Why Does Gold Usually Rise in a Crisis?
- Safe Haven Demand: Gold acts as a safe-haven asset, as investors shift towards it during periods of economic uncertainty to preserve wealth.
- Non-Interest Bearing Nature: Gold does not generate interest or dividends; therefore, when returns on assets like U.S. Treasury Bonds decline, gold becomes relatively more attractive.
- Interest Rate & Bond Yield Effect: During crises, falling interest rates and bond yields reduce the opportunity cost of holding gold, leading to increased demand.

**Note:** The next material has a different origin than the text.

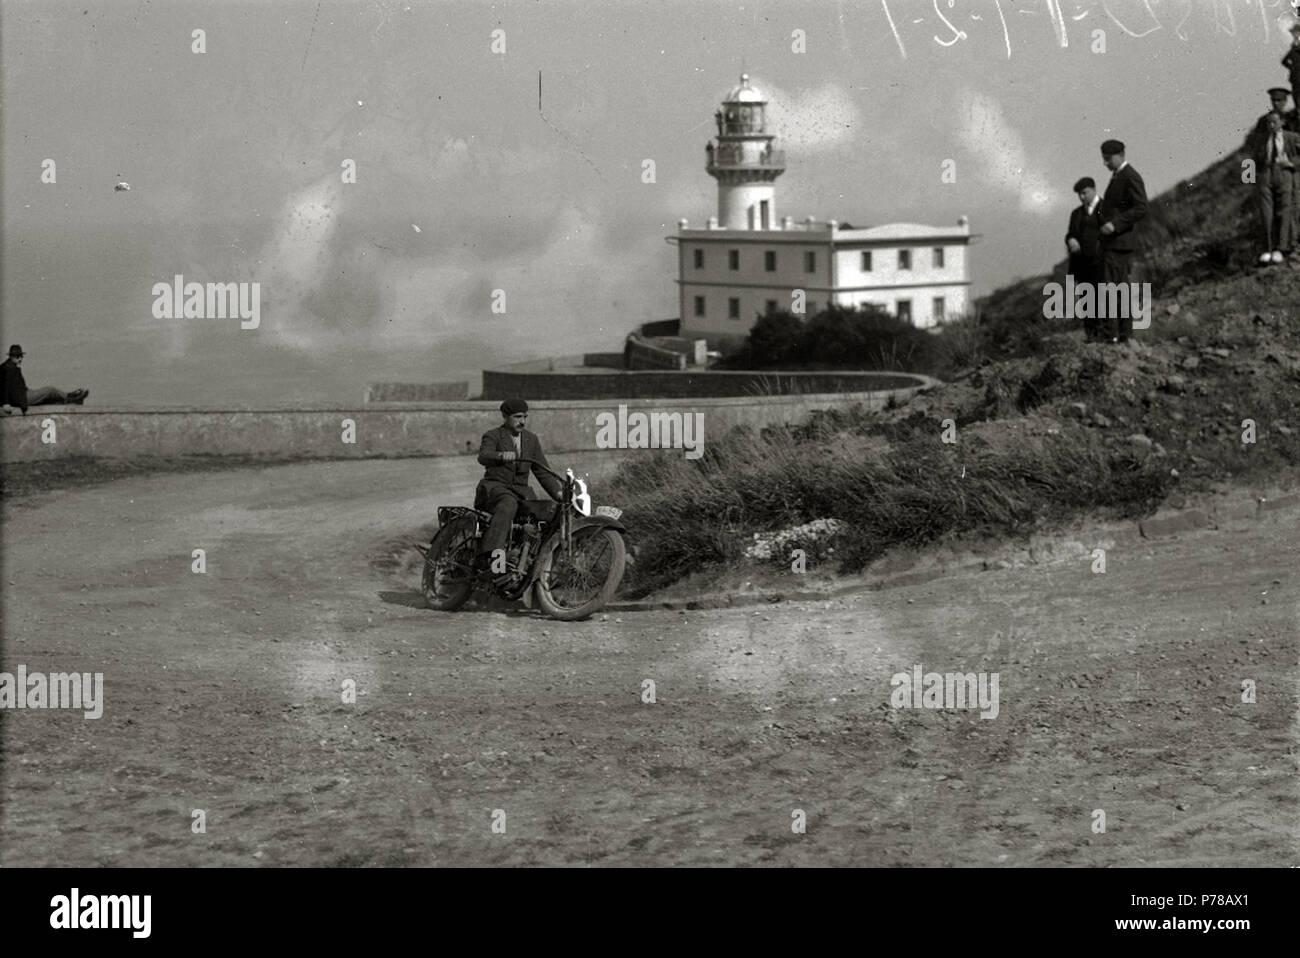 Español: Título original: Motociclismo por el Paseo del Faro (3/6) Localización: San Sebastián (Guipúzcoa)  . 1922 47 Motociclismo por el Paseo del Faro (3 de 6) - Fondo Car-Kutxa Fototeka Stock Photo

- Dollar Factor: Gold is globally priced in US Dollar; hence, a weaker dollar makes gold cheaper for foreign buyers, boosting demand and prices.
- Combined Macroeconomic Effect: A combination of low interest rates, weak dollar, and high uncertainty creates favourable conditions for a rise in gold prices.
- Inflation Hedge: Gold serves as a hedge against inflation, helping investors protect their purchasing power during economic instability.